# Collected data:
==*==
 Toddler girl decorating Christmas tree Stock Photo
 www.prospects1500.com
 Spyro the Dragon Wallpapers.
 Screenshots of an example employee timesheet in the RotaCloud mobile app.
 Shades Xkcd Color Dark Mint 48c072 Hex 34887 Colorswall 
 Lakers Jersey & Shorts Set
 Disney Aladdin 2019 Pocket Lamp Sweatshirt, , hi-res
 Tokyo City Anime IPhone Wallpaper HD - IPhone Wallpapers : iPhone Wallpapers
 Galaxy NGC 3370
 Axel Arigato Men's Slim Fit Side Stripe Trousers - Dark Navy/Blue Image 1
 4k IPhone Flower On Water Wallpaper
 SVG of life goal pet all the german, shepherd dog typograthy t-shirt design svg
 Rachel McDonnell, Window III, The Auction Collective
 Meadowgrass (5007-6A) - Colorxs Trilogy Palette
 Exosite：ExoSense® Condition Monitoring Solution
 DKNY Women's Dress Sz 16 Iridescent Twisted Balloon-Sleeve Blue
==*==
# PROBLEM TO SOLVE:
Go through the data above and repeat all of it exactly.

# PROBLEM SOLUTION:
 Toddler girl decorating Christmas tree Stock Photo
 www.prospects1500.com
 Spyro the Dragon Wallpapers.
 Screenshots of an example employee timesheet in the RotaCloud mobile app.
 Shades Xkcd Color Dark Mint 48c072 Hex 34887 Colorswall 
 Lakers Jersey & Shorts Set
 Disney Aladdin 2019 Pocket Lamp Sweatshirt, , hi-res
 Tokyo City Anime IPhone Wallpaper HD - IPhone Wallpapers : iPhone Wallpapers
 Galaxy NGC 3370
 Axel Arigato Men's Slim Fit Side Stripe Trousers - Dark Navy/Blue Image 1
 4k IPhone Flower On Water Wallpaper
 SVG of life goal pet all the german, shepherd dog typograthy t-shirt design svg
 Rachel McDonnell, Window III, The Auction Collective
 Meadowgrass (5007-6A) - Colorxs Trilogy Palette
 Exosite：ExoSense® Condition Monitoring Solution
 DKNY Women's Dress Sz 16 Iridescent Twisted Balloon-Sleeve Blue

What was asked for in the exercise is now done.